Top of Task input

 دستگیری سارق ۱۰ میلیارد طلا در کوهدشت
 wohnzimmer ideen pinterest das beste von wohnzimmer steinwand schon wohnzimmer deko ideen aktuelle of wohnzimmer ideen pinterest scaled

Bottom of Task input
Top of Task input

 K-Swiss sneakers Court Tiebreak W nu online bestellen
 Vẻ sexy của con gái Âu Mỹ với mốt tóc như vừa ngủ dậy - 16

Bottom of Task input
Top of Task input

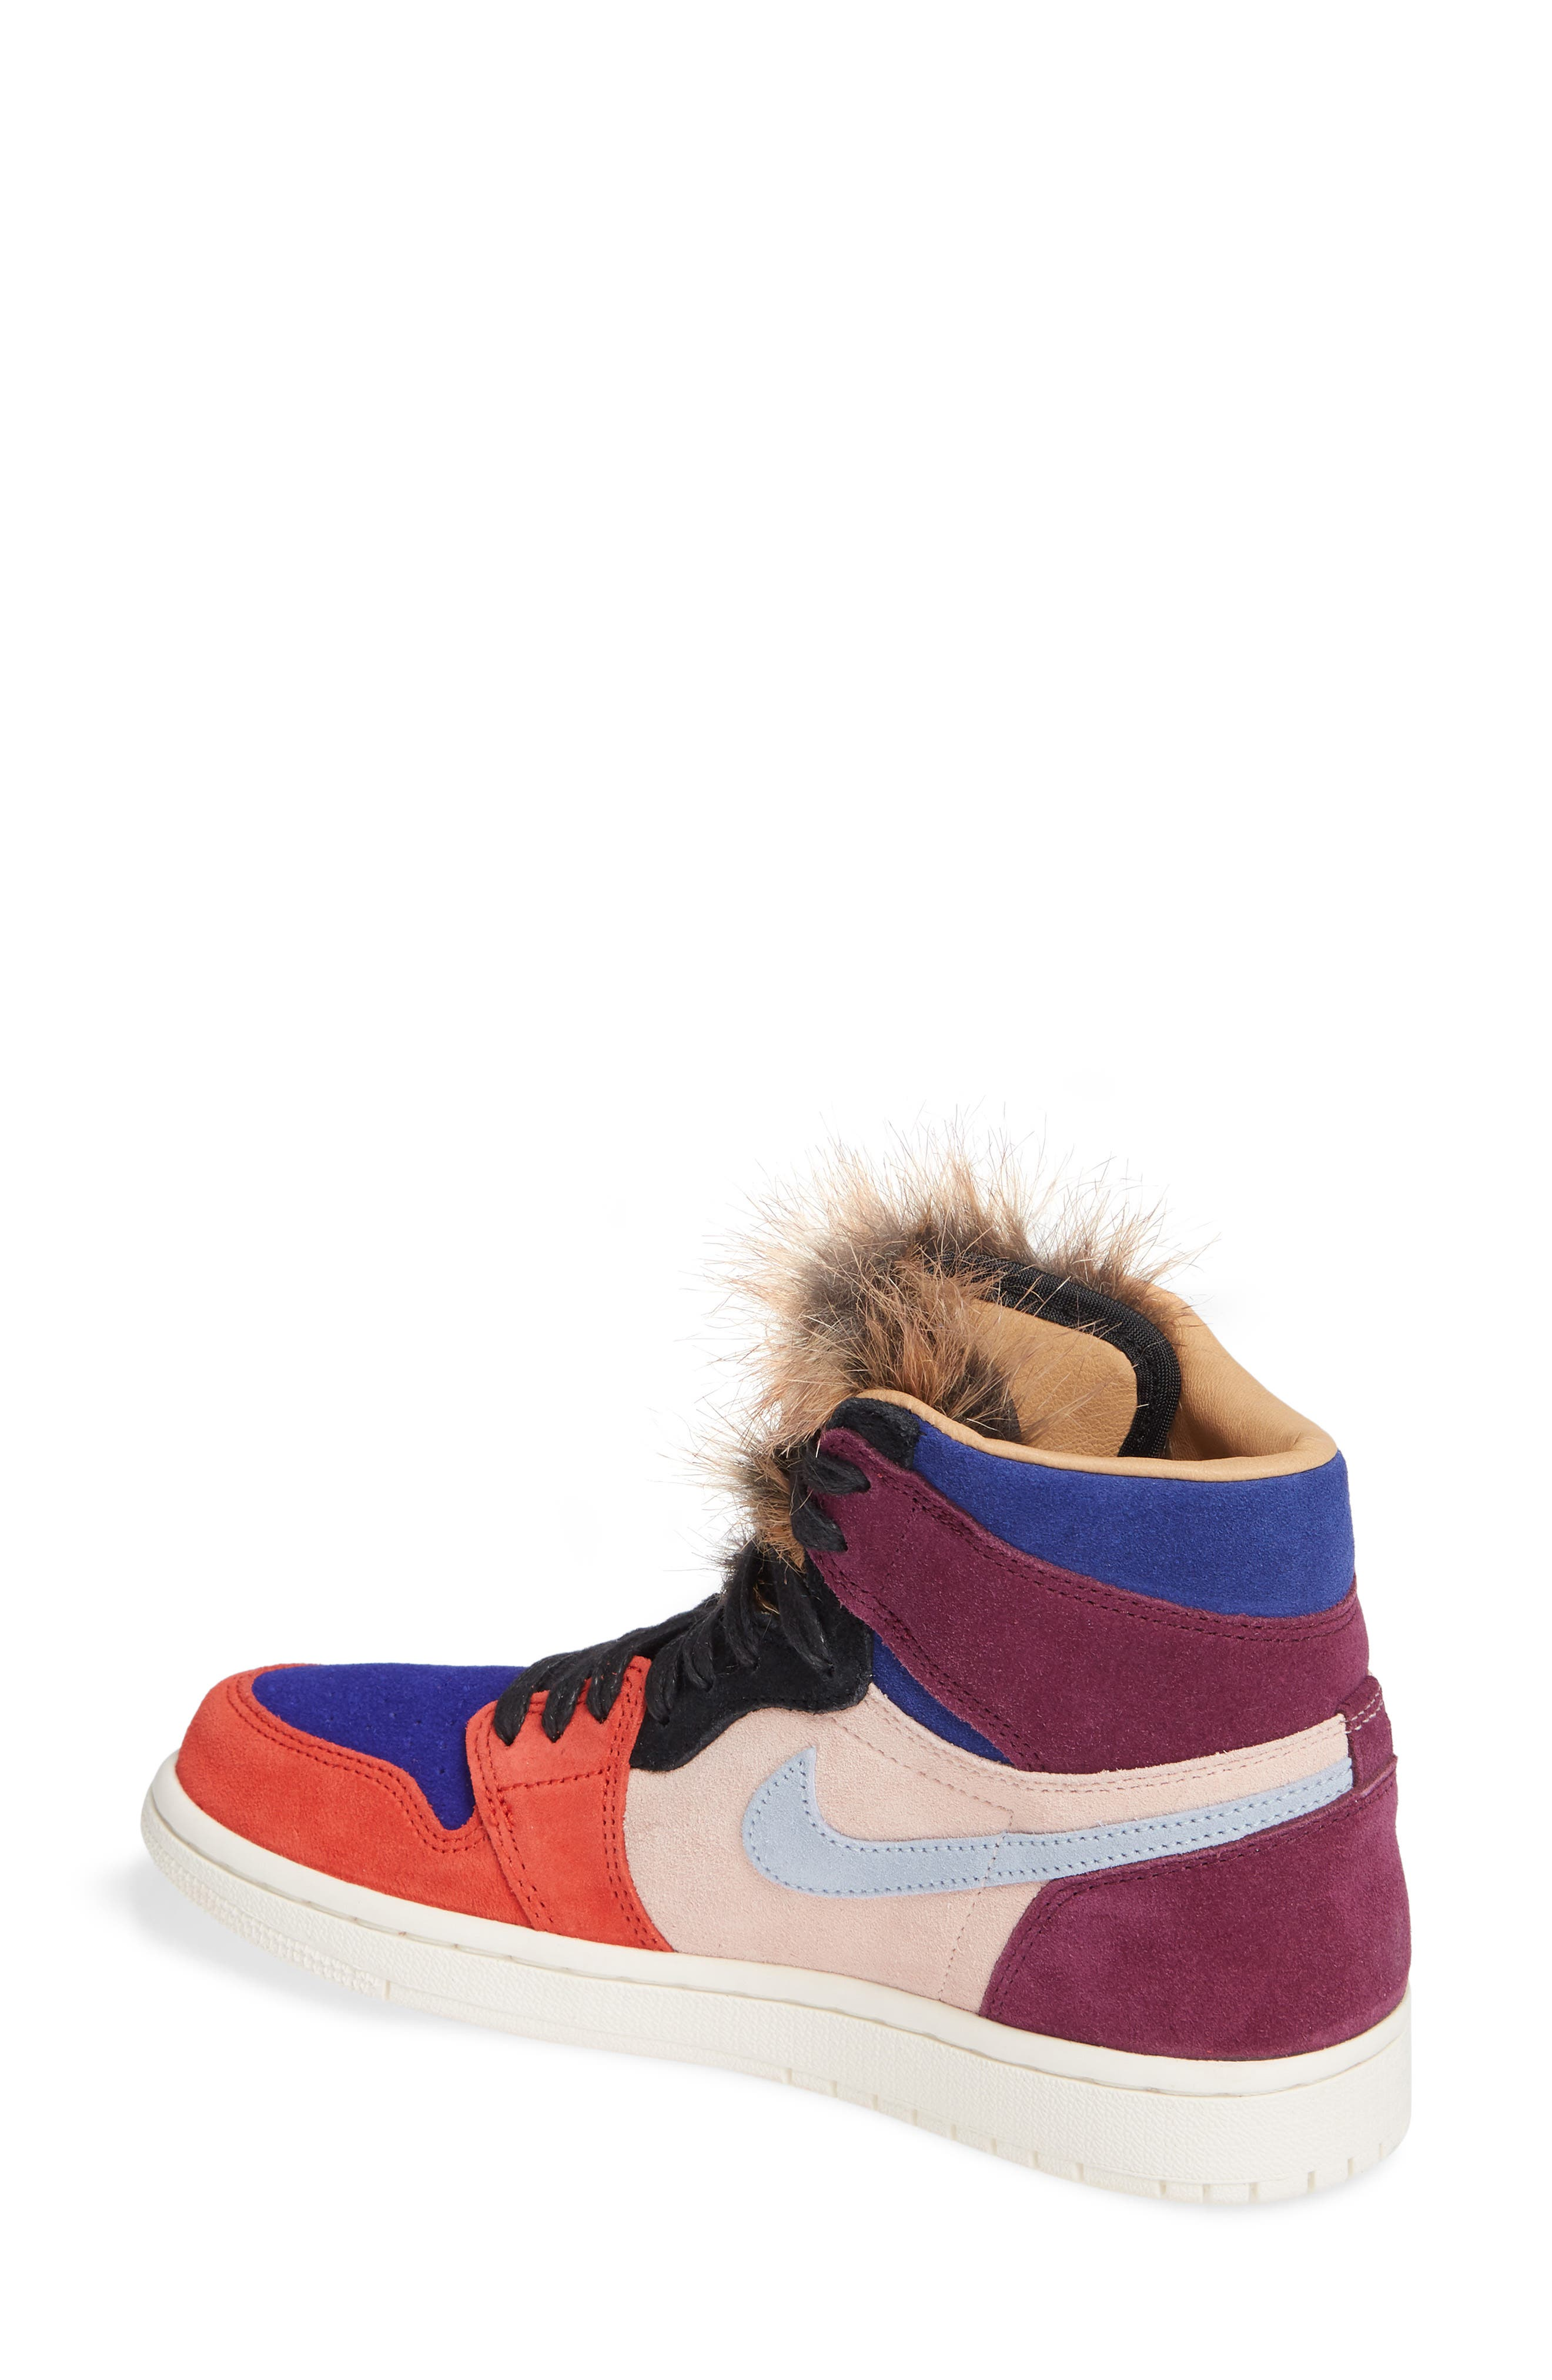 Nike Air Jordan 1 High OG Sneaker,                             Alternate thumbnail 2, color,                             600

Bottom of Task input

__Task brief__
From the records above, retype only the lines starting at the line that contains "دستگیری سارق ۱۰ میلیارد طلا در کوهدشت" and ending at the line that contains "wohnzimmer ideen pinterest das", both included.

__Your solution__
 دستگیری سارق ۱۰ میلیارد طلا در کوهدشت
 wohnzimmer ideen pinterest das beste von wohnzimmer steinwand schon wohnzimmer deko ideen aktuelle of wohnzimmer ideen pinterest scaled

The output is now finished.